As reported in the journal Circulation: Heart Failure, scientists gathered almost 2,500 middle-aged men and followed them for an average of 22 years.

"Given that many people view the benefits of the protein diet as important, it is important to clarify the potential risks and benefits that they may have", says Journey Virthan, one of the editors of the study, a professor of nutritional epidemiology at the University of Eastern Finland, and adds: "Past studies have linked diets high in protein - especially animal - to the increased risk of type 2 diabetes or even premature death". Over the course of the study, 334 cases of heart failure - when the body is unable to pump enough blood and oxygen to remain healthy - were diagnosed.

Generally, there is higher risk of heart failure associated with nearly all protein dietary sources other than proteins from eggs and fish. The study also only found an association between a high-protein diet and heart failure, and can not determine whether changing the amount of protein in a person's diet would prevent heart failure.
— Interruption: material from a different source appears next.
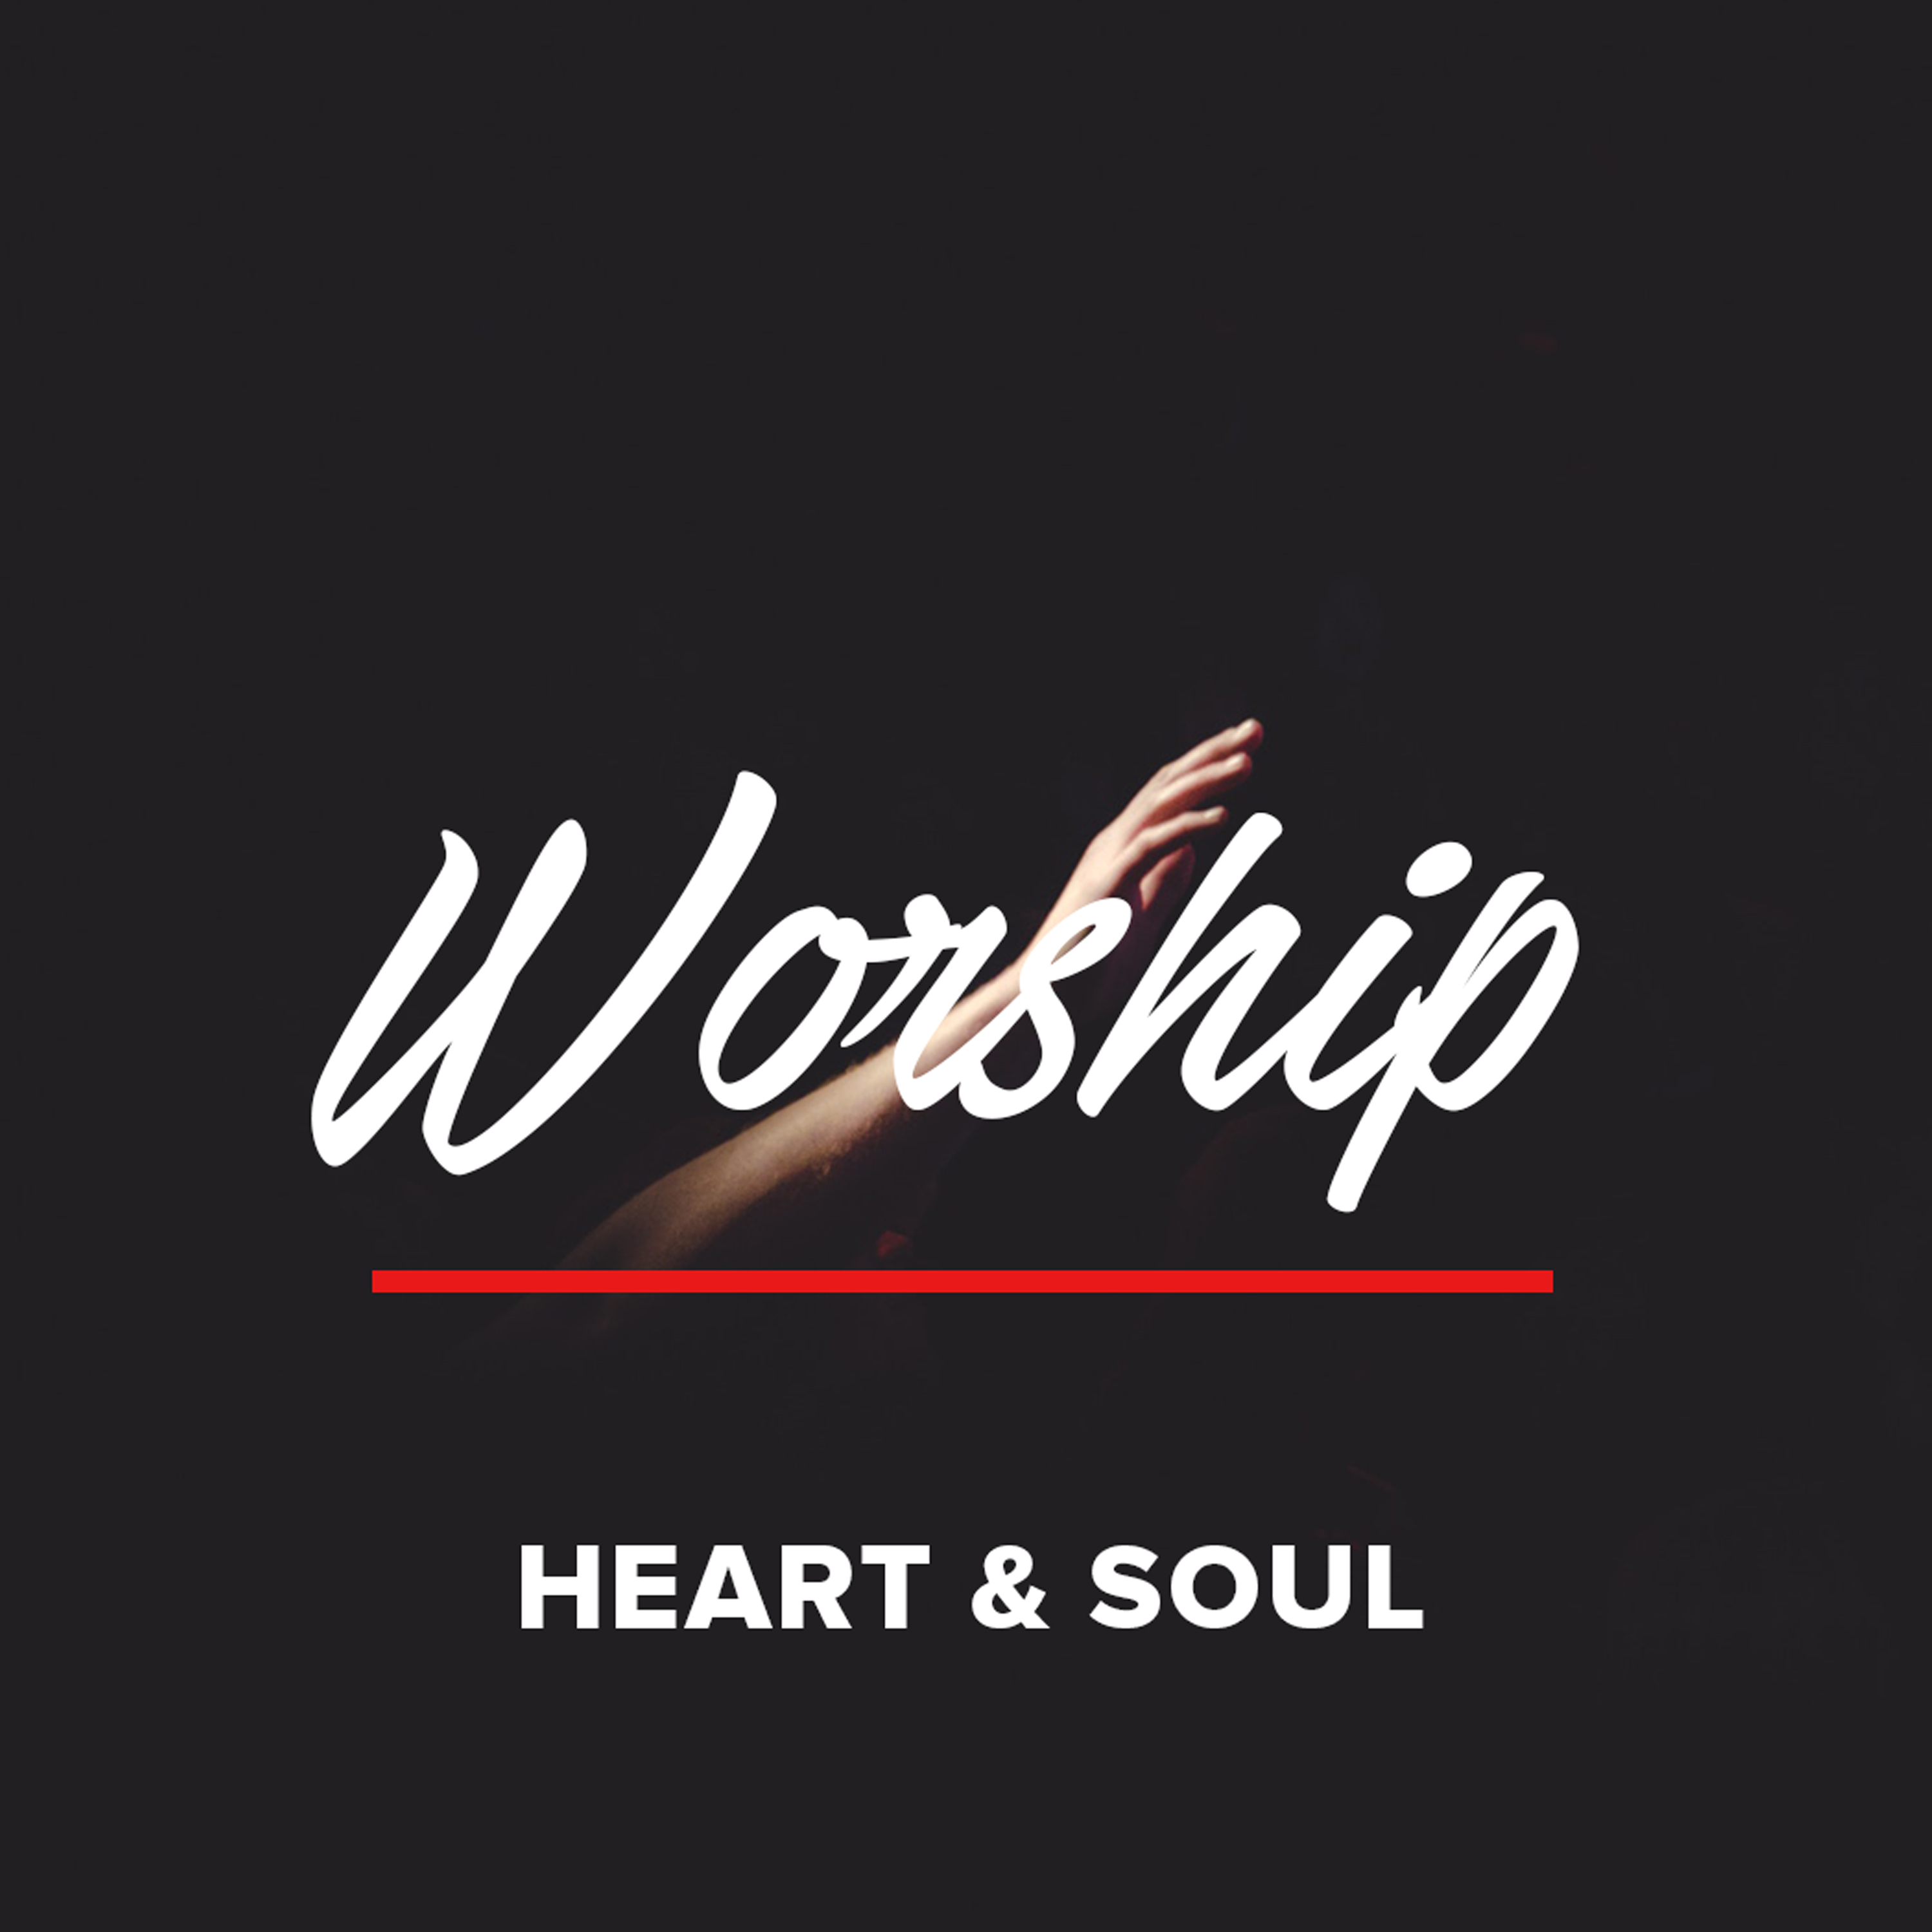 Panel - Heart & Soul | Worship

49% higher for dairy proteins.

In middle-aged men, there was a trend toward increased risk for heart failure with higher intake of total protein.

Also, we have previously reported that the rejection of gluten (a protein found in wheat and some other cereals) will avoid celiac neuropathy - a disorder in which there is weakness, numbness or pain usually in the feet or hands. (The men in the study were not told to follow any particular diet.) Then, the men were divided into four groups based on how much protein they ate, with the lowest group consuming about 78 grams a day, on average, and the highest group consuming 109 grams a day.

"As many people seem to take the health benefits of high-protein diets for granted, it is important to make clear the possible risks and benefits of these diets", said Jyrki Virtanen, study author.

To such conclusion scientists from the University of Eastern Finland.

The rate of heart failure was 33 percent higher for people who ate the most protein-rich diets compared to those who at the least.

Reference: Virtanen, H. E. K., Voutilainen, S., Koskinen, T. T., Mursu, J., Tuomainen, T. -P., & Virtanen, J.